The digital revolution is giving rise to new forms of work and employment. For those who design and operate tertiary property, this means rethinking space.

“Tomorrow people will work anywhere but the office”. This statement is perhaps less surprising than it may seem. Current projections of future working patterns challenge the notion that the office is the only place where tertiary activities can be carried out.

In an age where the digital boom has made it possible for everyone to be connected any time and any place, “distributed working”, in other words working across different locations (at home, in cafés, on the train, in co-working spaces or public gardens, etc.) and in segmented timeframes, is no longer limited to intellectual and creative professions alone.

The business itself becomes an ideal hub for multiple activities. “So far, work spaces have been designed around two central and static components: the office and the meeting room. The system now needs to be rebuilt around the concept of tasks and encounters, with a particular focus on modularity,” explains David Ernest, Innovation and Energy Director at VINCI Facilities.

Anything that encourages an exchange of ideas or collective intelligence is being explored.

Brainstorming rooms, break-out areas, project spaces, videoconferencing rooms, rapid prototyping workshops, active-learning style training rooms, and chill-out areas in which to relax: anything that encourages an exchange of ideas or collective intelligence and that promotes the emergence of chance projects – so-called serendipity – is being explored by designers and managers of tertiary buildings.

“Offices are constantly evolving to adapt to new practices.
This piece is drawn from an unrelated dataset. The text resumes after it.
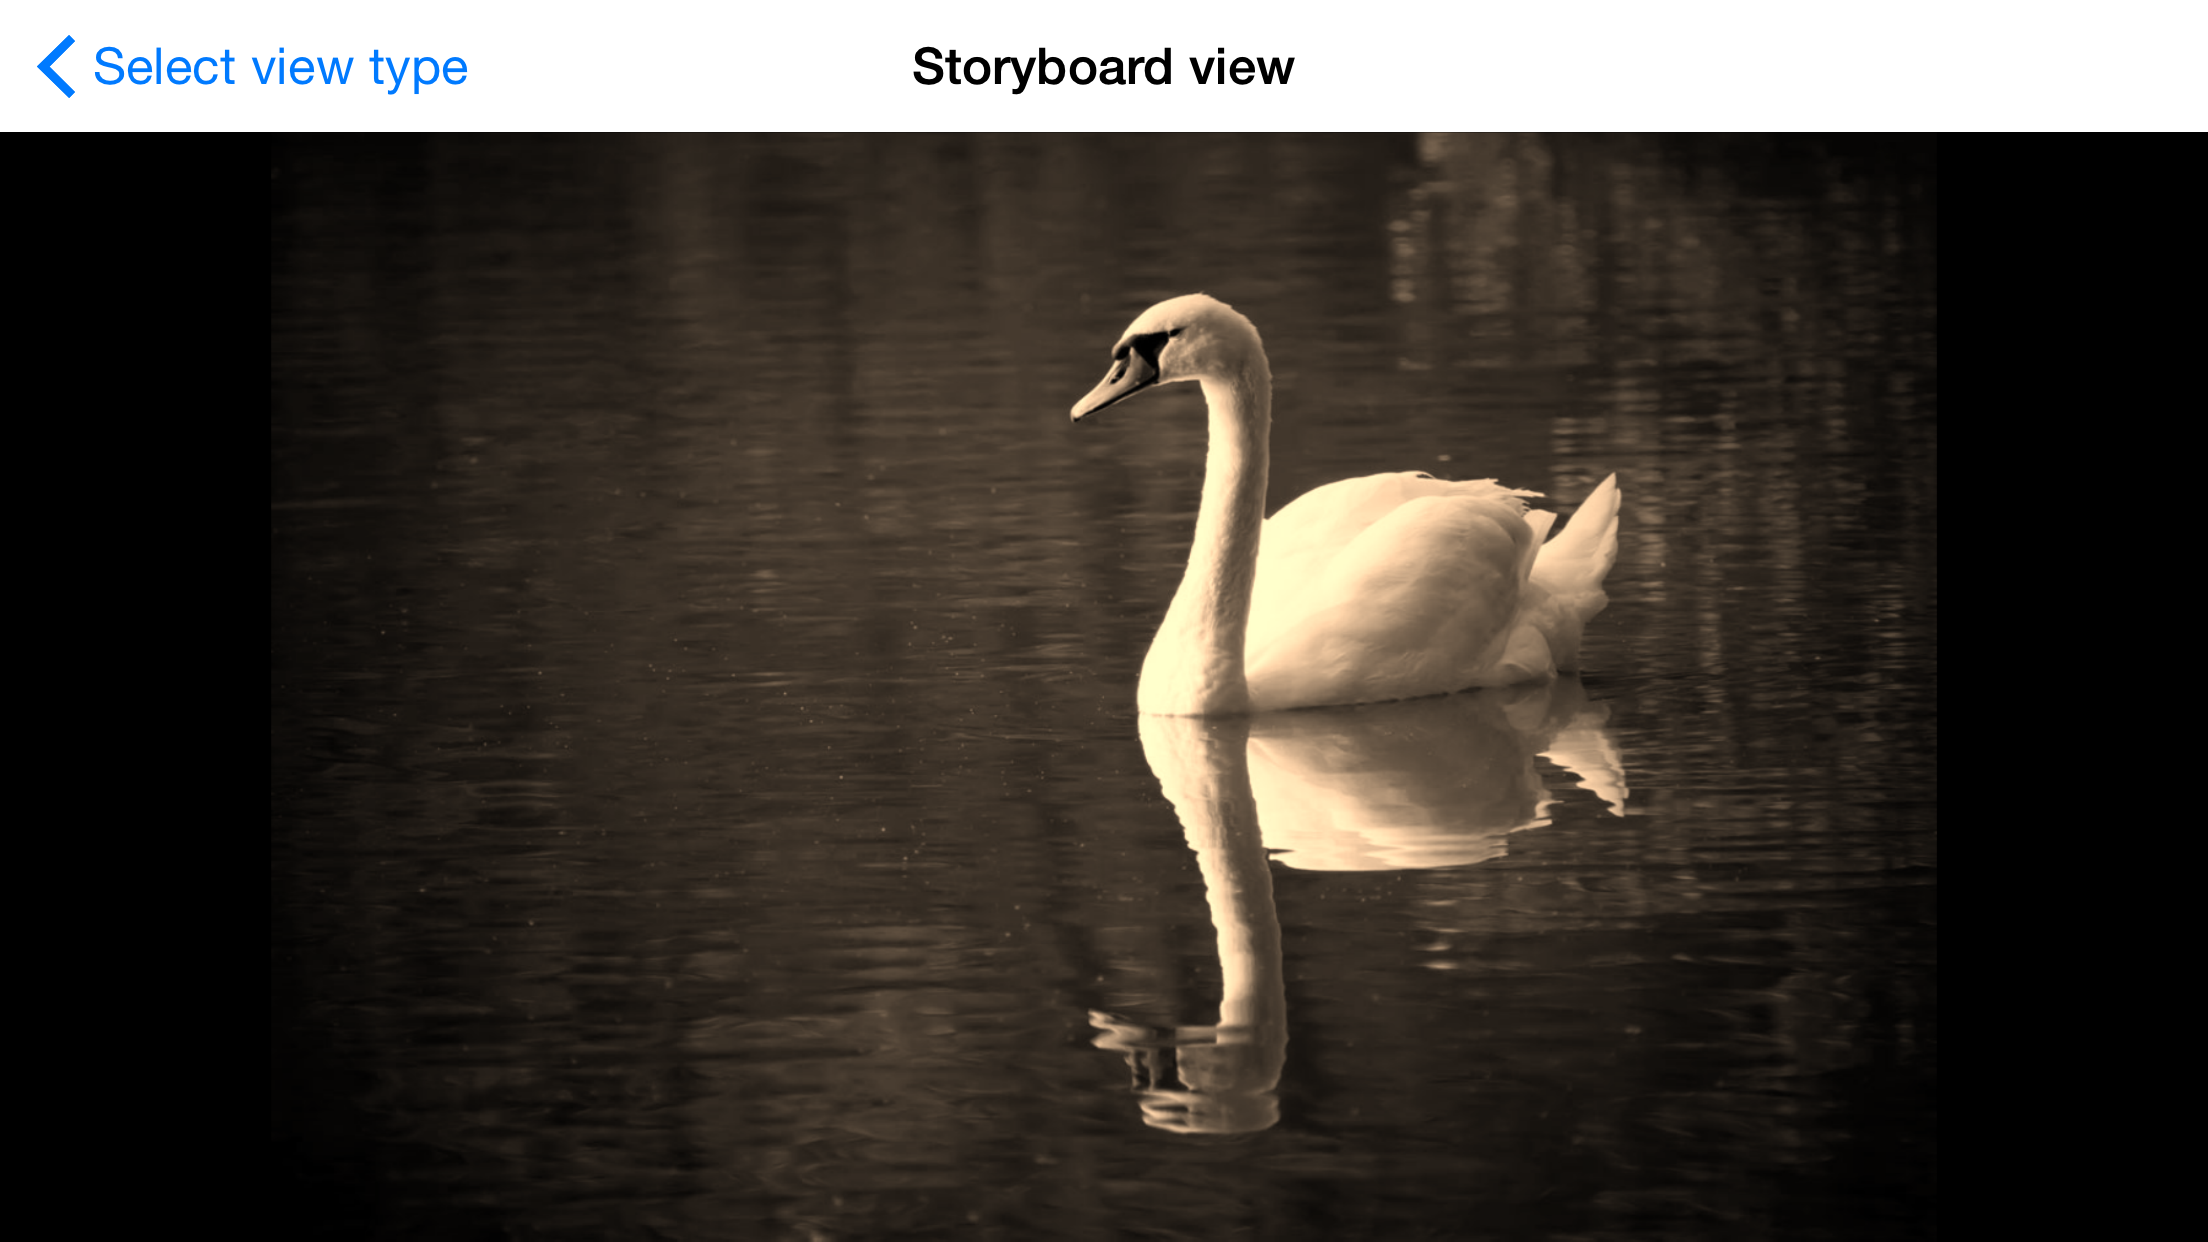 Storybard view
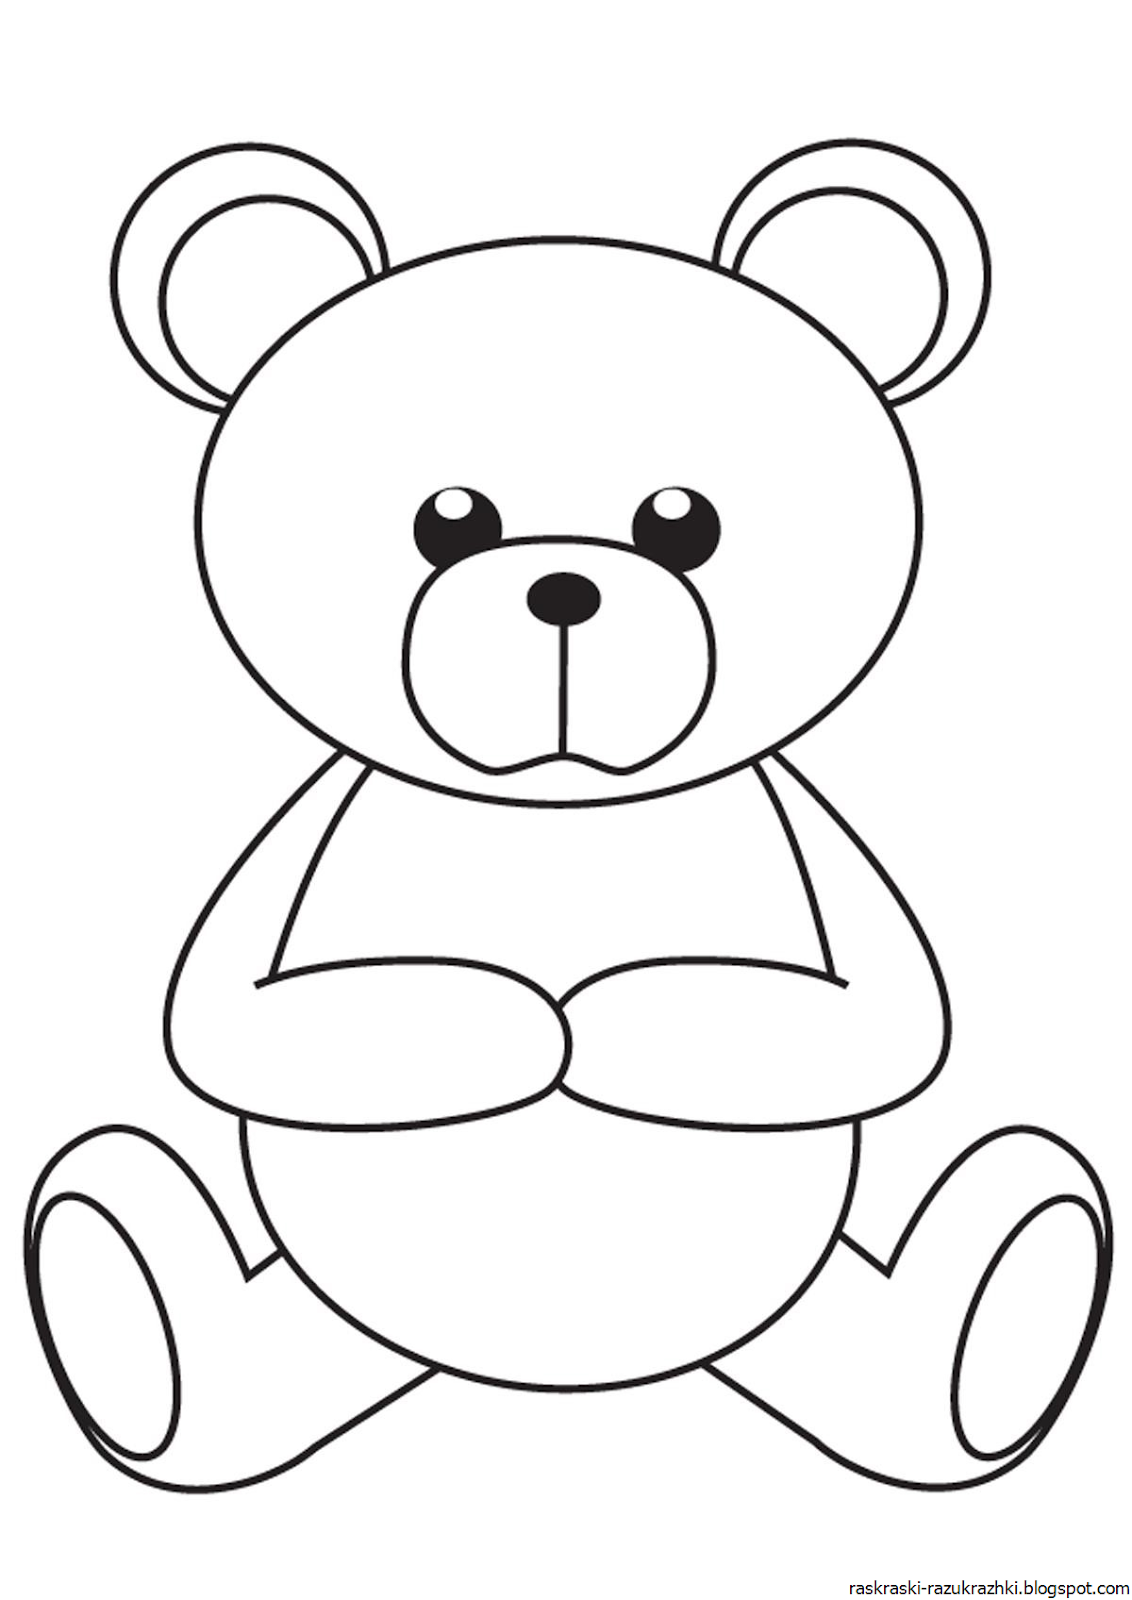 Раскраска игрушка картинка. Раскраска "мишки". Мишка раскраска для детей. Медведь раскраска для детей. Медвежонок раскраска для детей.

Space will inevitably be freed up. Companies, for which rent is the second largest cost after payroll, will have to use this resource one way or another, for example by opening it up to external users, whether they are professionals or not,” believes David Ernest.

New forms of employment

The emergence of new forms of employment could accelerate the trend. Indeed, the practice of “distributed working” is now starting to go hand in hand with that of “distributed employment”, which refers to self-employed workers, interim managers, employee-entrepreneurs, open contributors, “slashers” (people who have multiple roles or who work for multiple companies), and so on.

Beyond individual situations and motivations, these new forms of employment are all moving in the same direction: towards a hybridisation of activities, types of status and contracts. And the tertiary property sector will have to do something about it very quickly.